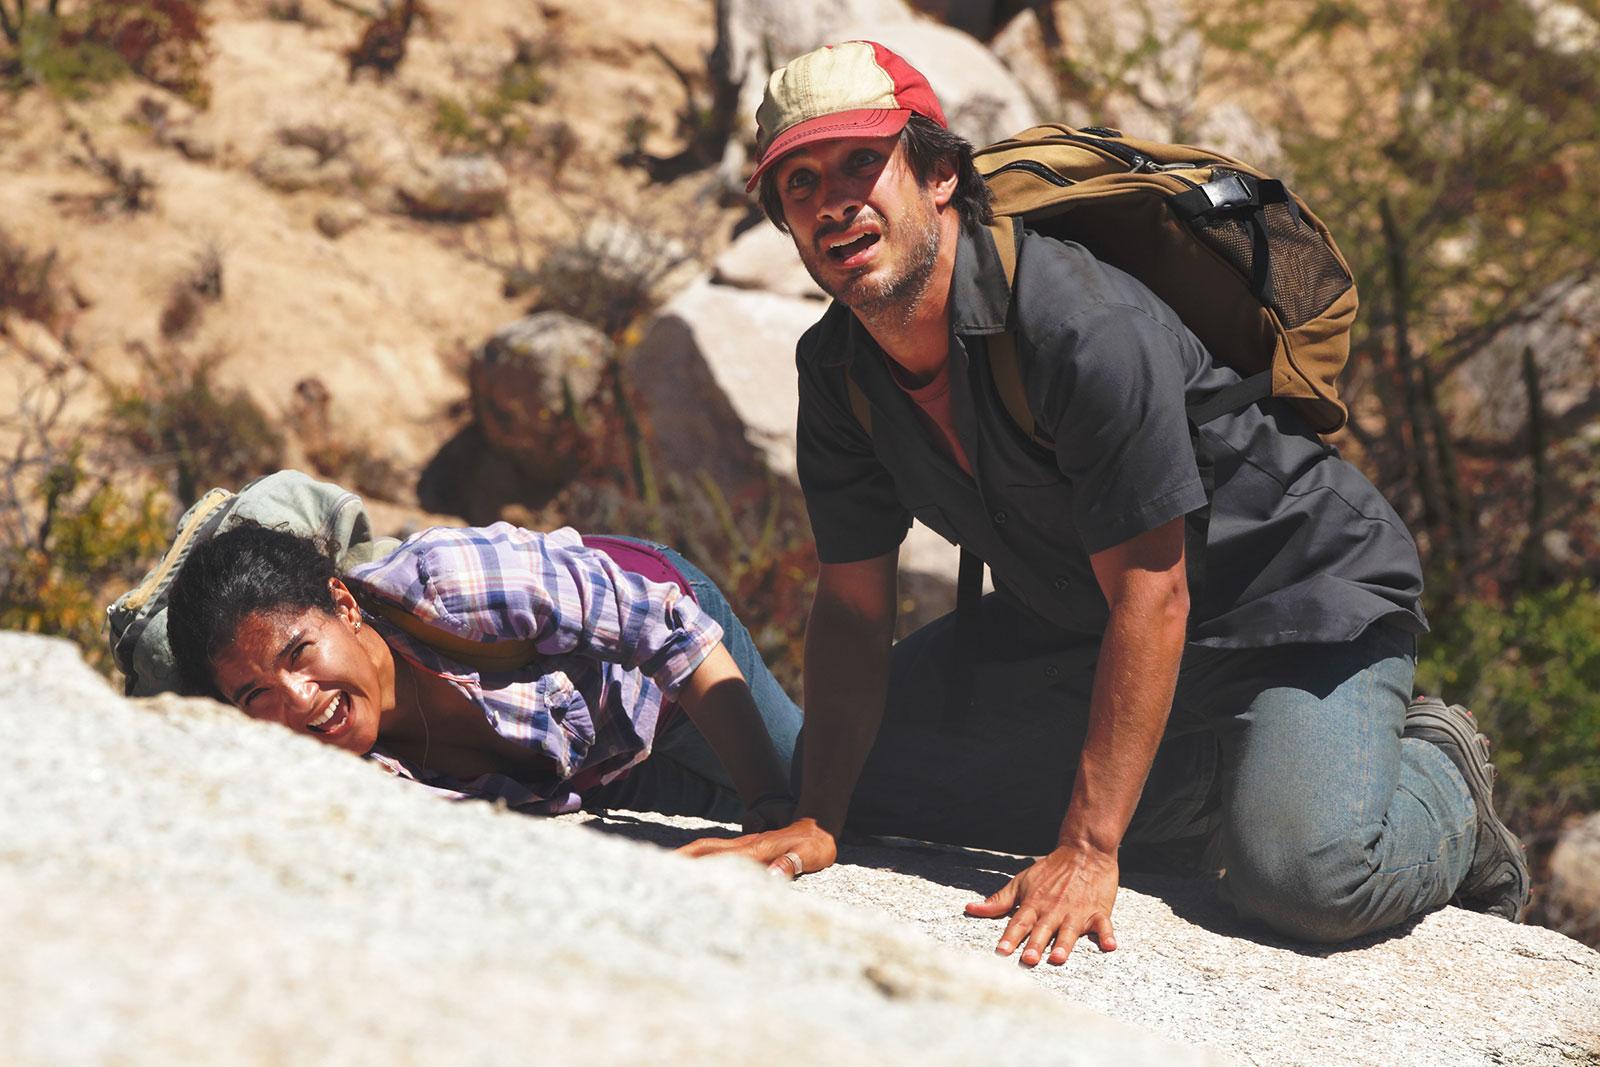 DESIERTO - Image 9 film Jonas Cuaron 2016 - Go with the Blog
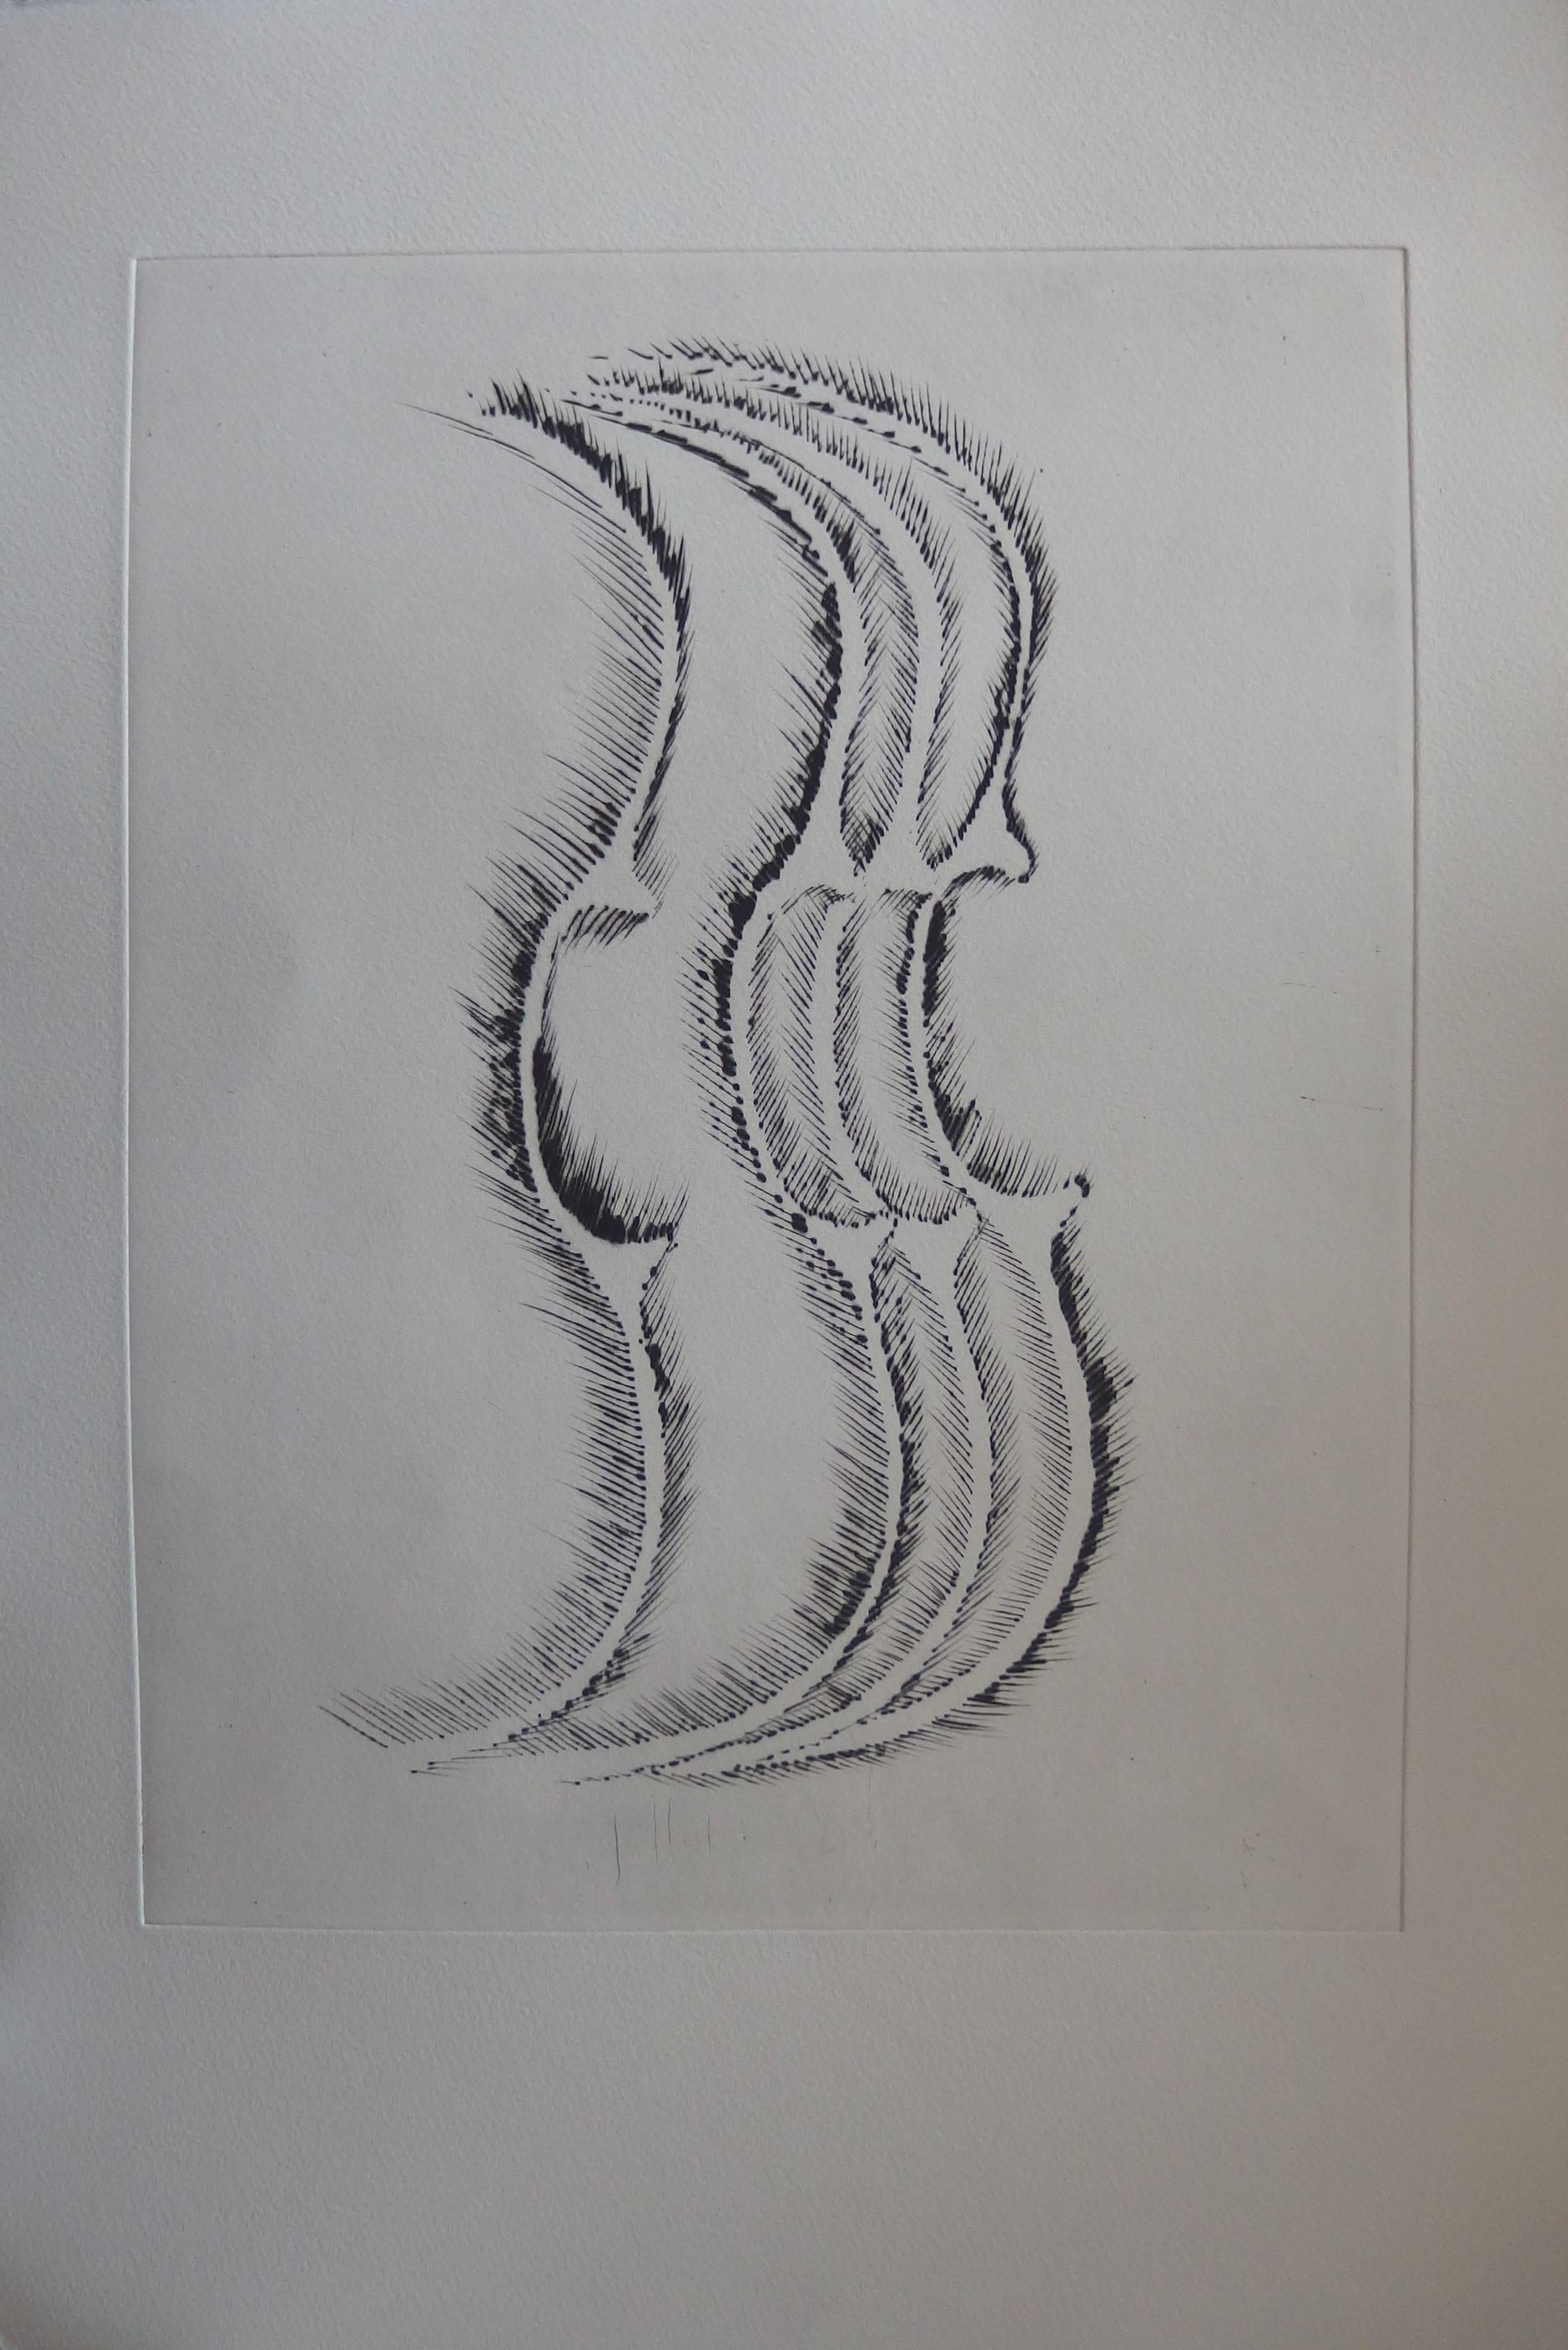 Violin profile - Original etching - 1979
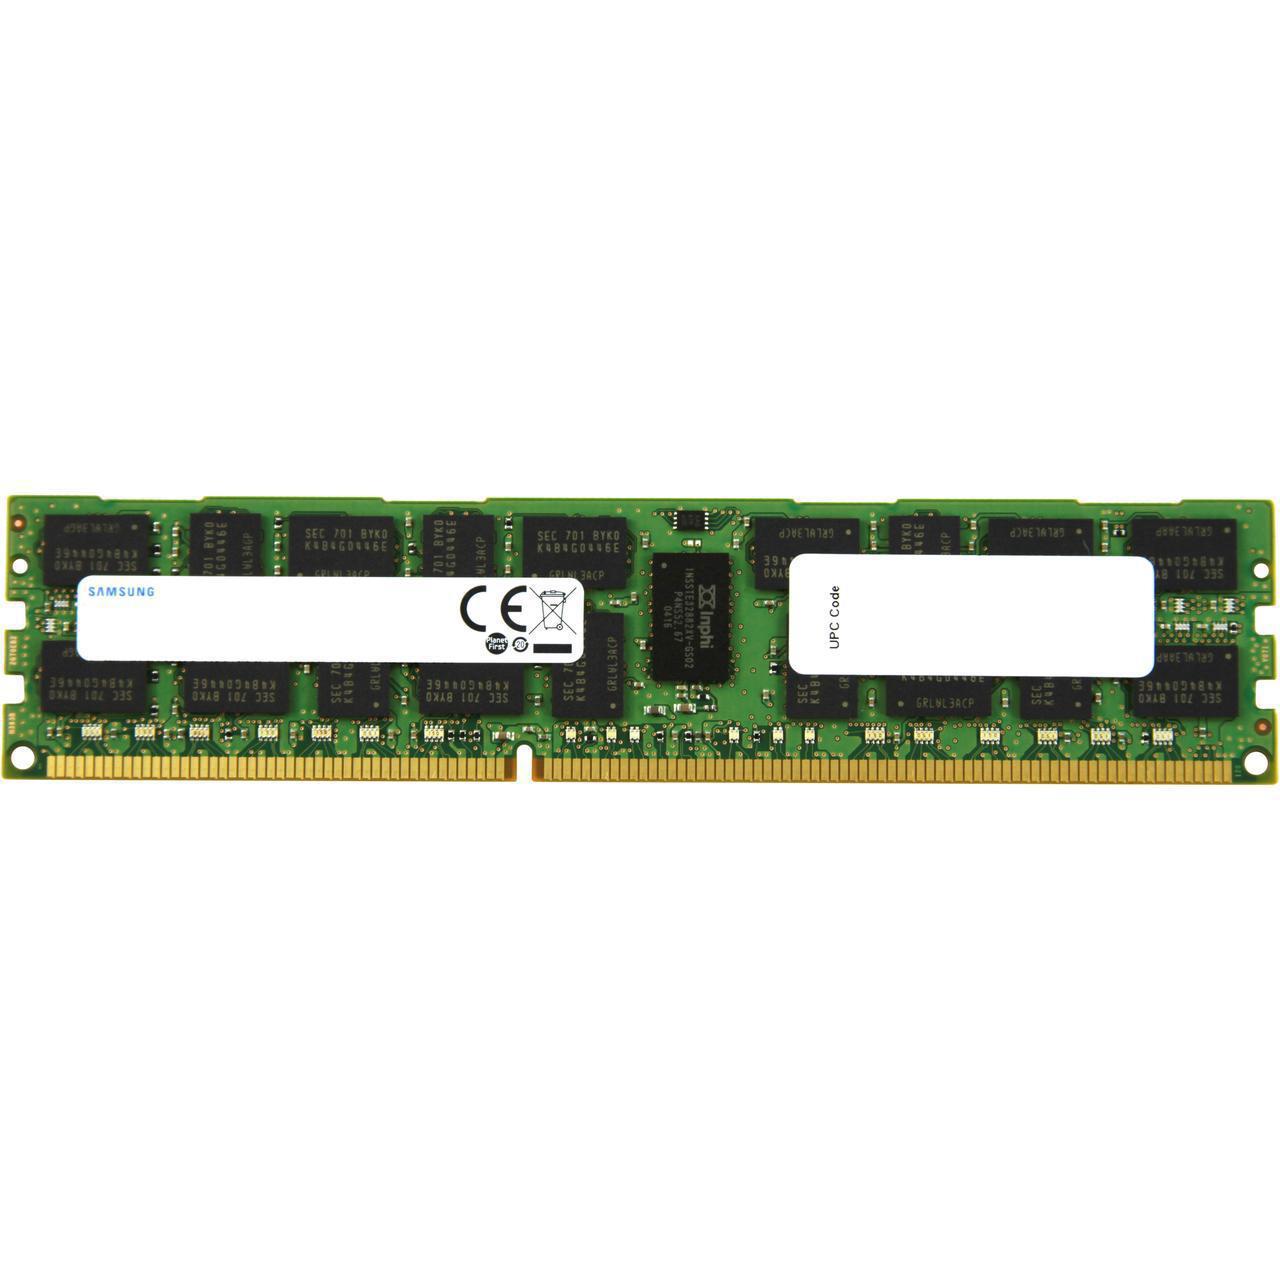 Samsung Server Memory Ddr3 16gb 240 Pin Rdimm Registered Ecc Pc3 12800r 1600 Cl11 12800 2rx4 135v Model M393b2g70eb0 Yk0
- - -
From the line containing "Violin profile - Original etching - 1979" to the final line above, both included, transcribe every line exactly and leave all pictures out.

• **ANSWER TO THIS PROBLEM**:
 Violin profile - Original etching - 1979
 Samsung Server Memory Ddr3 16gb 240 Pin Rdimm Registered Ecc Pc3 12800r 1600 Cl11 12800 2rx4 135v Model M393b2g70eb0 Yk0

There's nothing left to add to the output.